Guacamole supports transfer of both audio and video data, as well as files and arbitrary named pipes. Streams can be allocated with audio or video instructions for the sake of playing media, with file instructions for file transfer, or with "pipe" instructions for transfer or abtrary data between client and server.

By the nature of the Guacamole protocol, you must know the duration of the audio or video data before it is sent. This is because sequential playing of multiple audio or video chunks must be carefully timed by the client to avoid gaps in playback. Even a gap of only one millisecond will produce an audible "click" in audio playback.
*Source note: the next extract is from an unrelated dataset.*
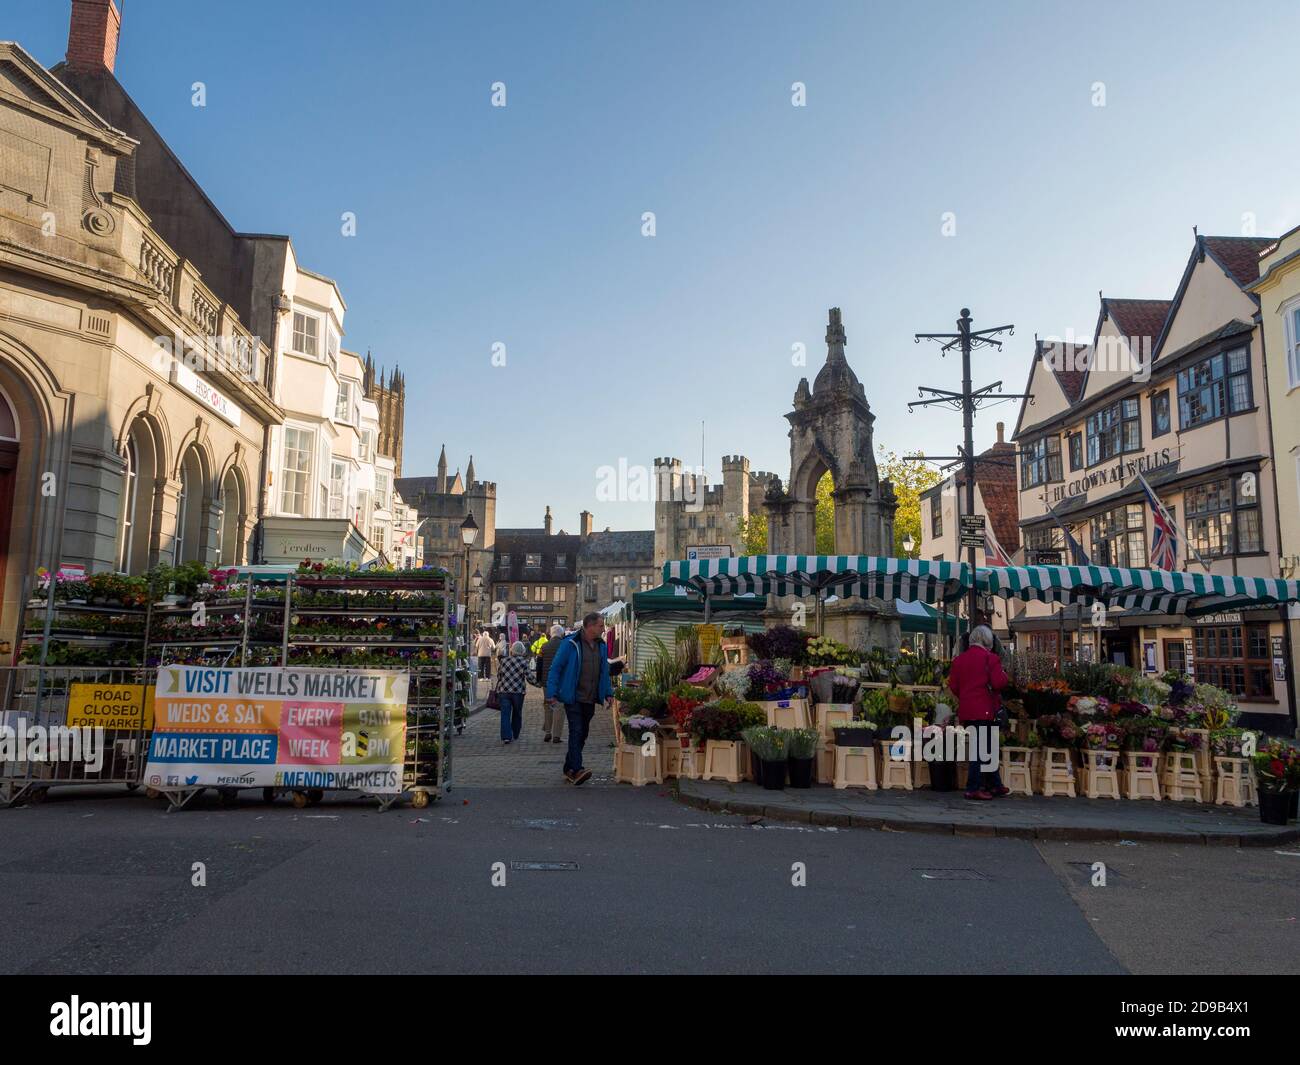 Der zweiwöchige Markt findet am Market Place in der Stadt Wells, Somerset, England statt. Stockfoto

As far as audio and video are concerned, variance in chunk size gives a trade-off between responsiveness and perceived quality. Larger chunks will provide smoother audio and video, but have noticable lag compared to smaller chunks. Smaller chunks provide less lag, but may produce noticable clicking or stutter if the timing of each chunk is not perfect.

Events

When something changes on either side, client or server, such as a key being pressed, the mouse moving, or clipboard data changing, an instruction describing the event is sent.

Disconnecting

The server and client can end the connection at any time. There is no requirement for the server or the client to communicate that the connection needs to terminate. When the client or server wish to end the connection, and the reason is known, they can use the "disconnect" or "error" instructions.

The disconnect instruction is sent by the client when it is disconnecting. This is largely out of politeness, and the server must be written knowing that the disconnect instruction may not always be sent in time (guacd is written this way).

If the client does something wrong, or the server detects a problem with the client plugin, the server sends an error instruction, including a description of the problem in the parameters. This informs the client that the connection is being closed.